>>>>

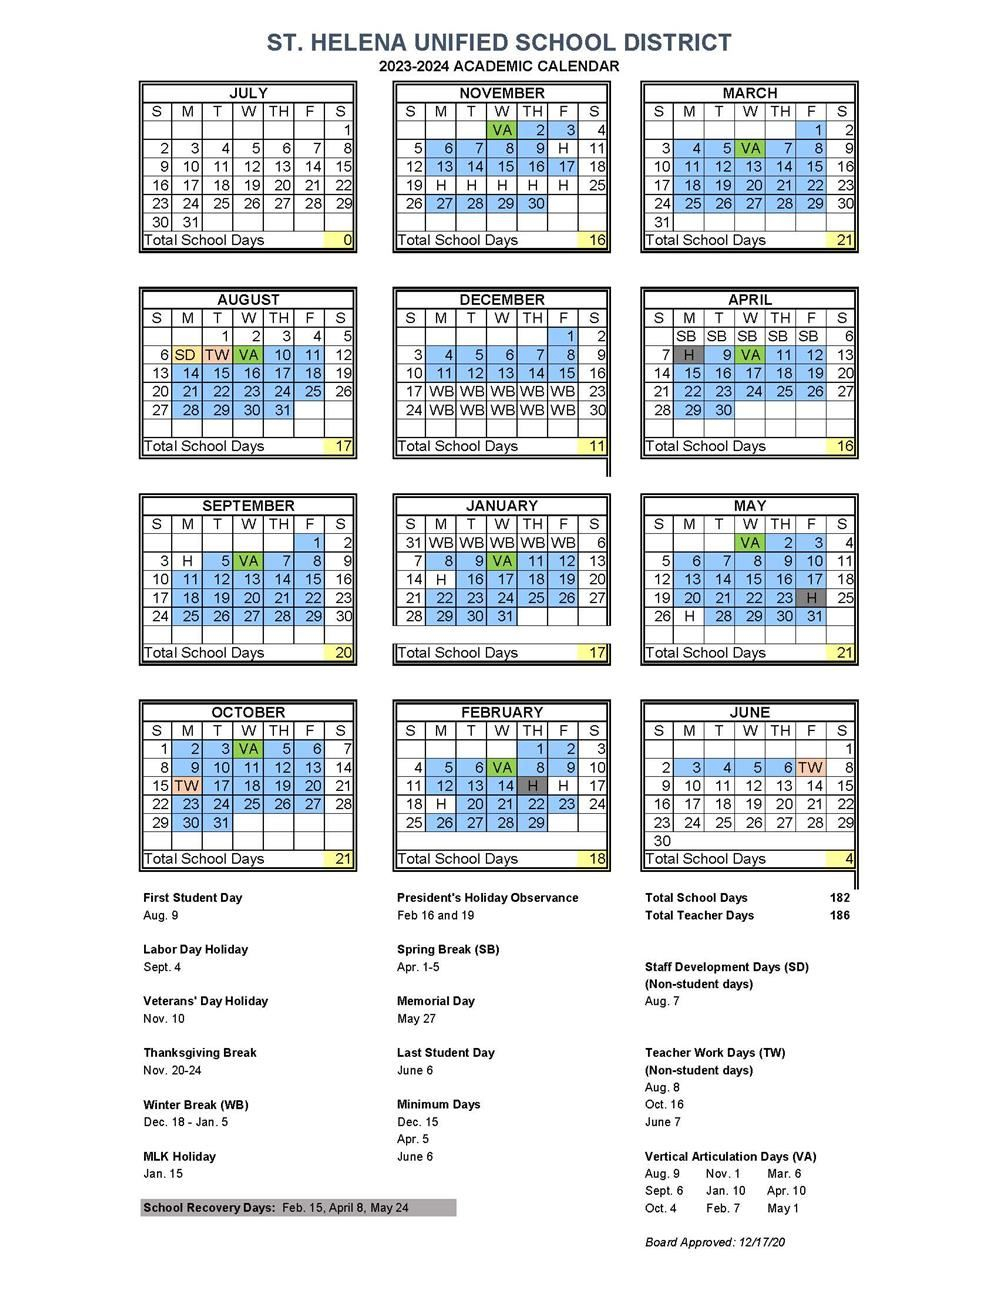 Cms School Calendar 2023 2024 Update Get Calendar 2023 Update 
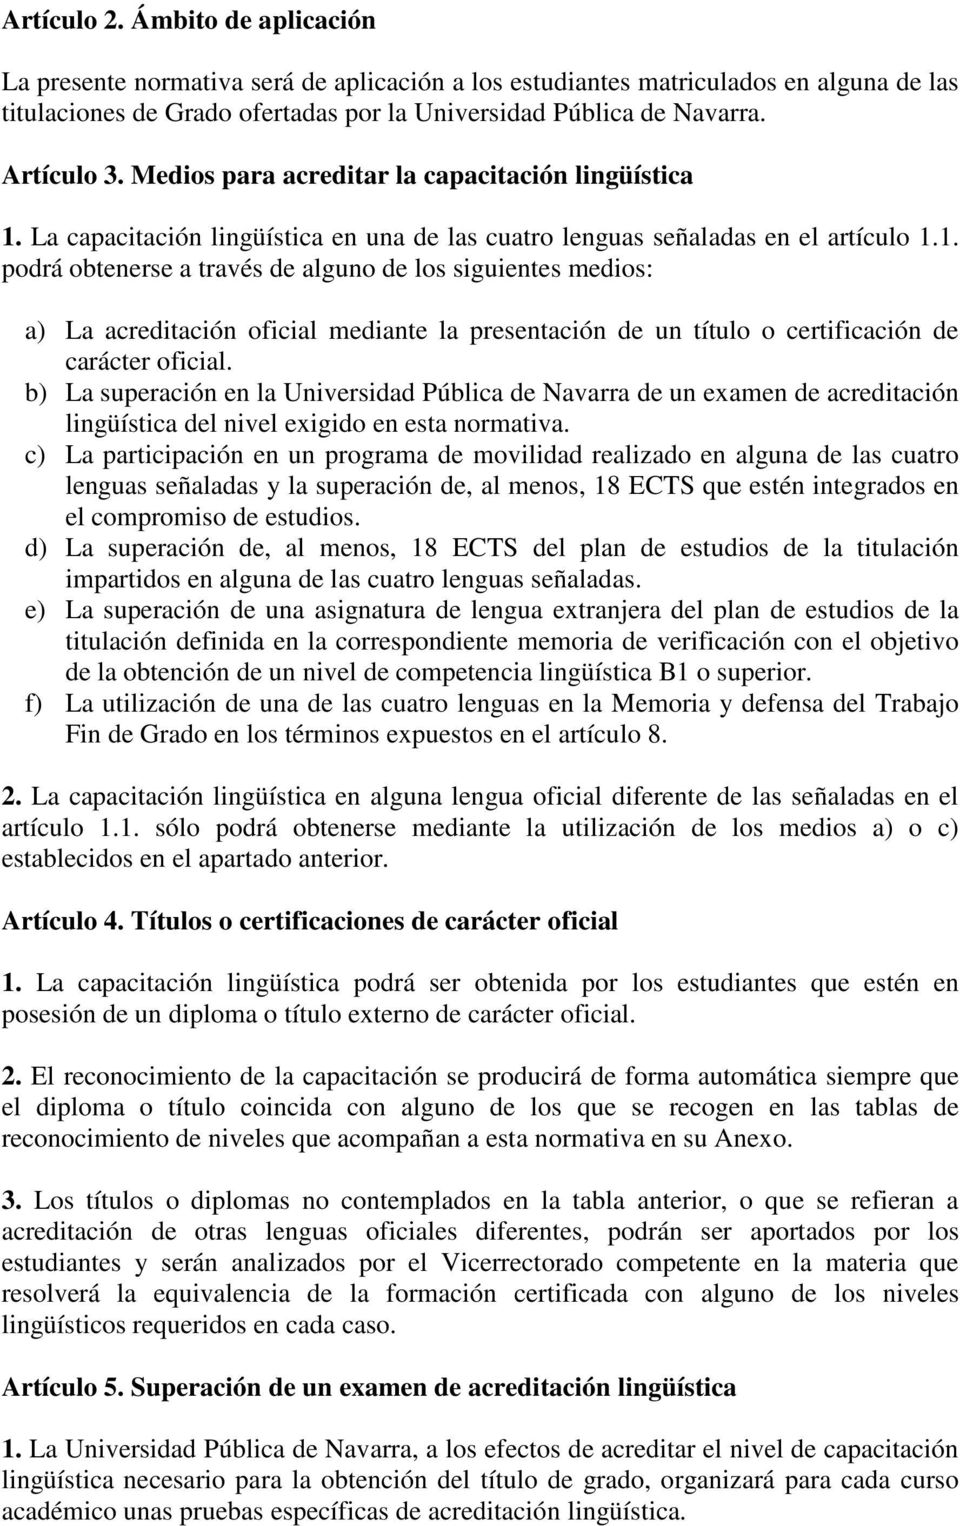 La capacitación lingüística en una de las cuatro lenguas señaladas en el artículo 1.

<<<<
>>>>

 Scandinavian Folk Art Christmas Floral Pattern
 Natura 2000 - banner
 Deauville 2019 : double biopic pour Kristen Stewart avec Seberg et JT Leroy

<<<<
>>>>

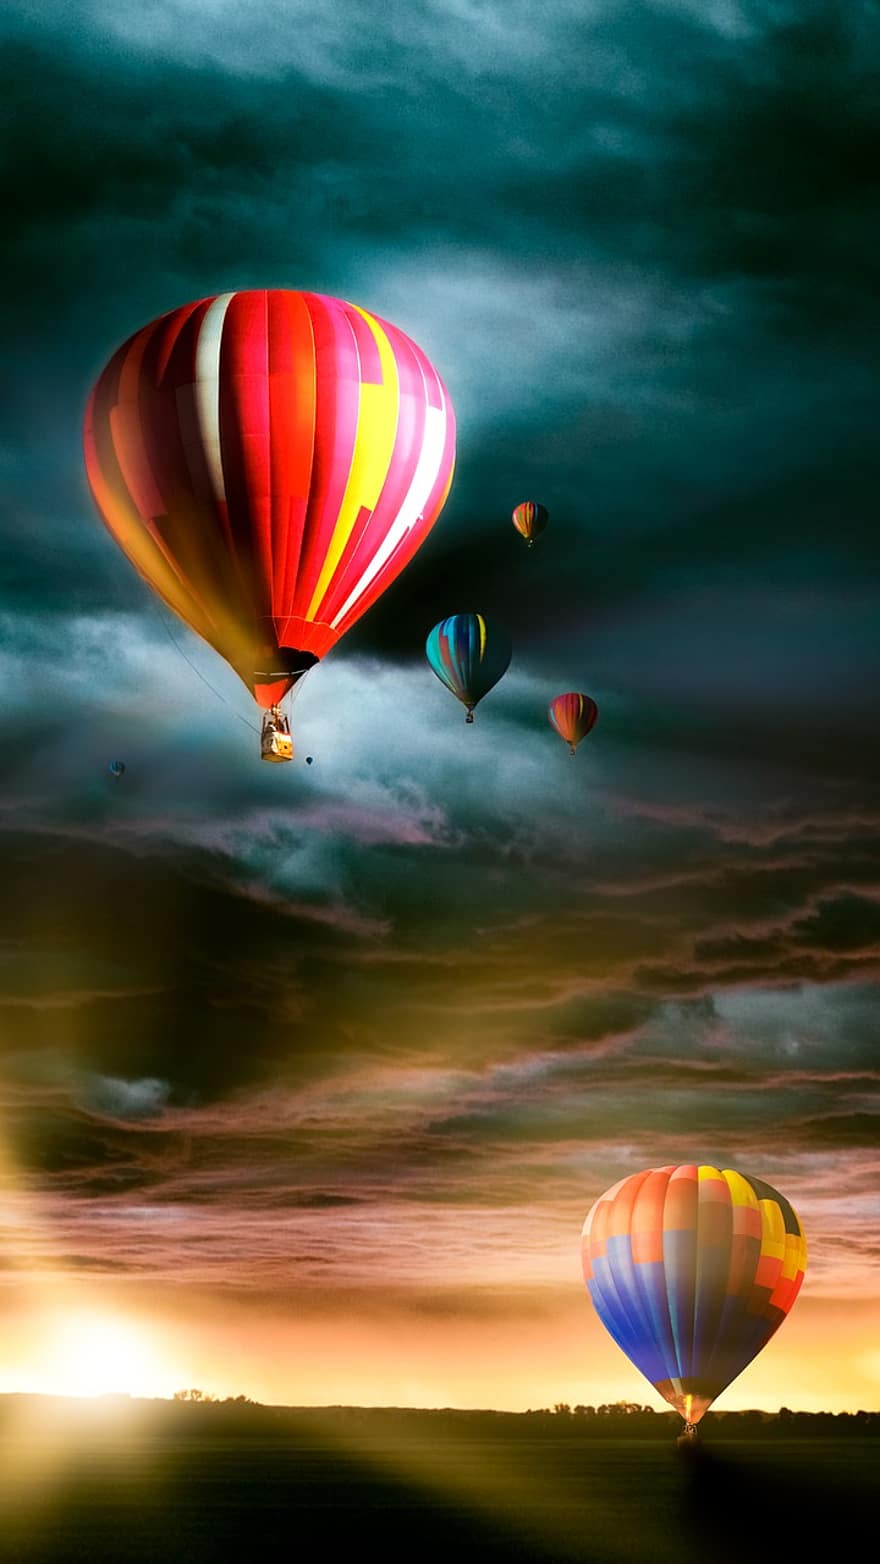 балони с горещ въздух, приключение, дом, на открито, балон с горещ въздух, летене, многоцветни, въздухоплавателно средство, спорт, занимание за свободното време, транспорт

<<<<

* PROBLEM TO WORK ON:
In the records above, find the line with "Cms School Calendar" and the line with "La capacitación lingüística". Write out exactly those lines and every one between, with no pictures and no other lines.

* OUTPUT:
 Cms School Calendar 2023 2024 Update Get Calendar 2023 Update 
 La capacitación lingüística en una de las cuatro lenguas señaladas en el artículo 1.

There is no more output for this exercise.